:: Instructions to follow ::
Leave every image behind and restate the data word for word.

:: Information provided ::
══════════════════════════════

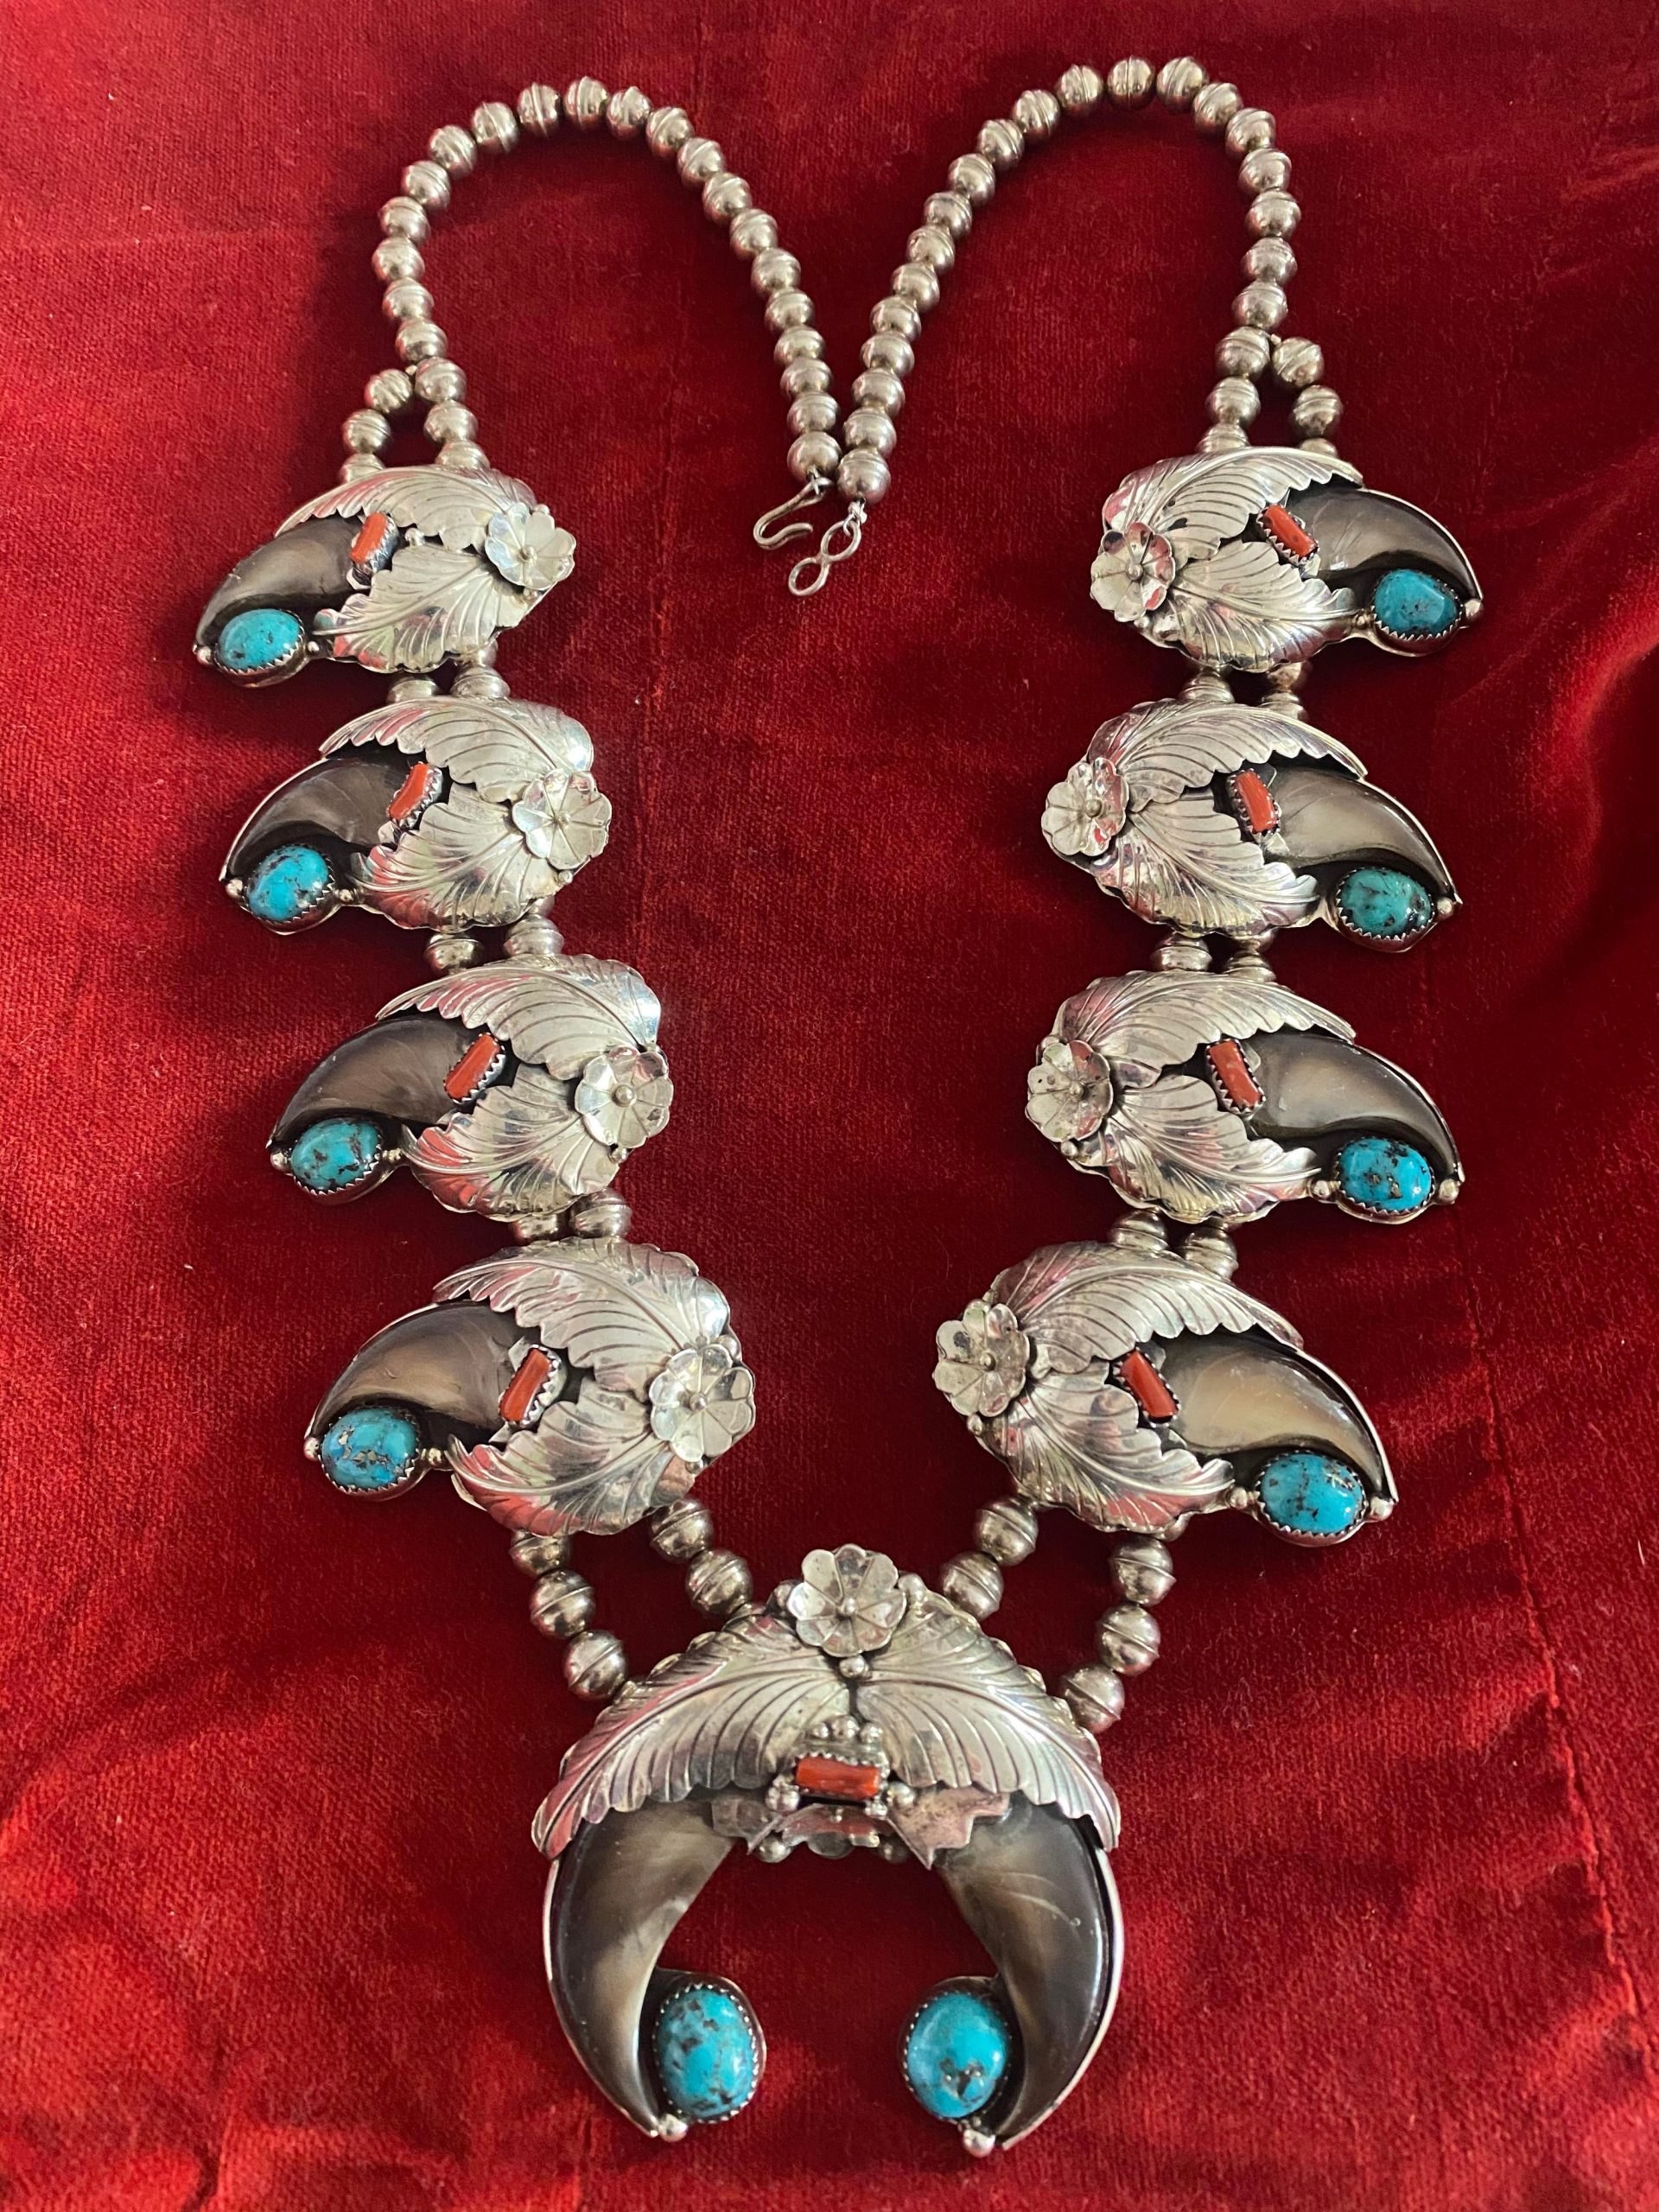 Sterling Silver and Turquoise Squash Blossom Necklace | Paul Bensel Jewelers
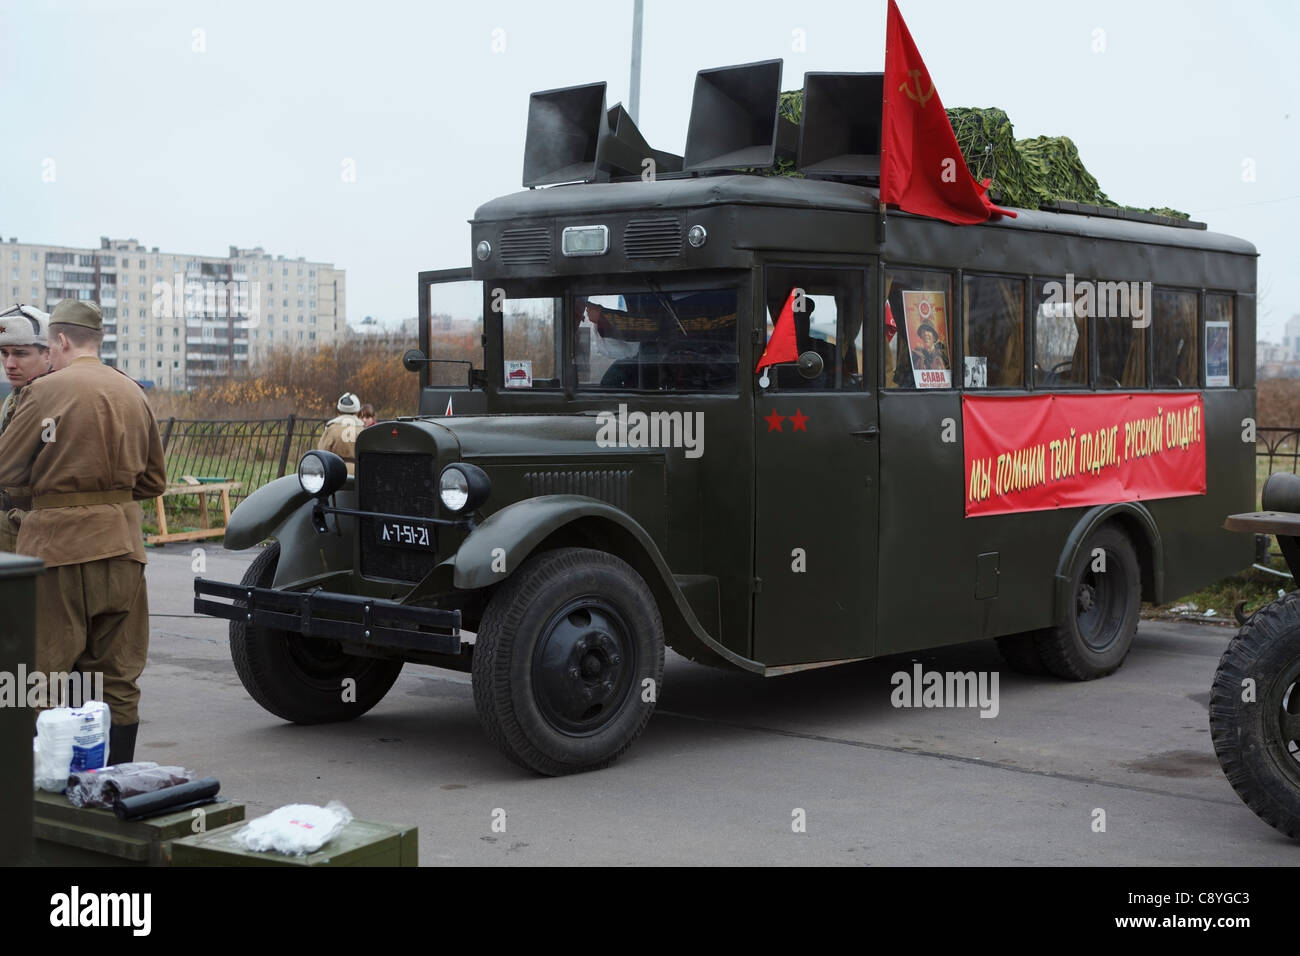 Soviet bus GAS-03-30 with red flags on November 4, 2011 in Saint-Petersburg, Russia. Stock Photo
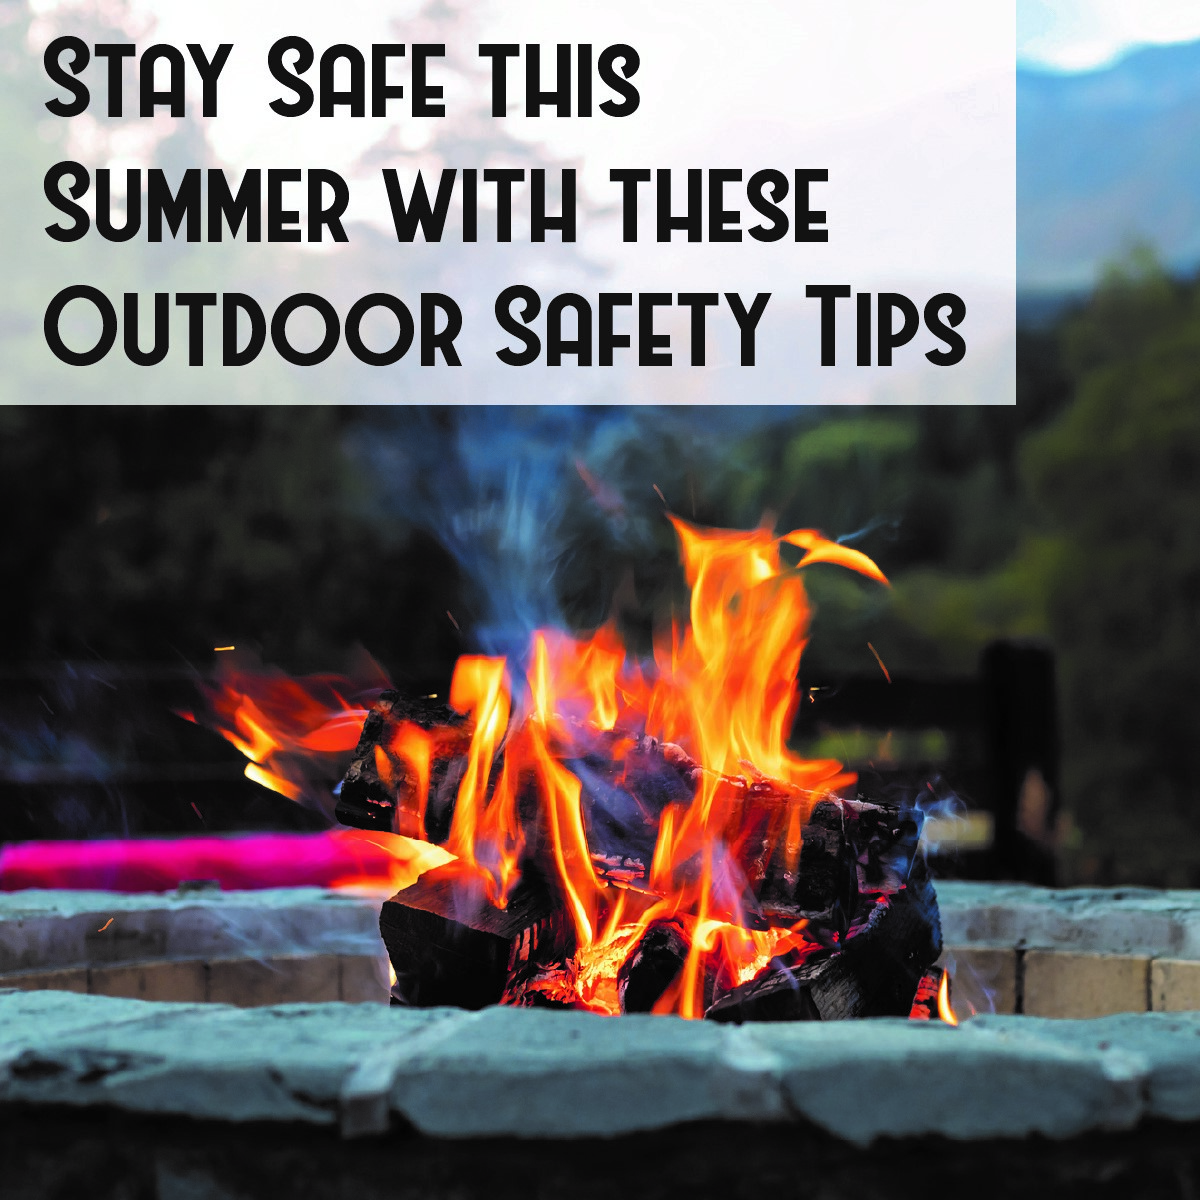 Outdoor Safety Tips

══════════════════════════════

:: Answer for this exercise ::
 Sterling Silver and Turquoise Squash Blossom Necklace | Paul Bensel Jewelers
 Soviet bus GAS-03-30 with red flags on November 4, 2011 in Saint-Petersburg, Russia. Stock Photo
 Outdoor Safety Tips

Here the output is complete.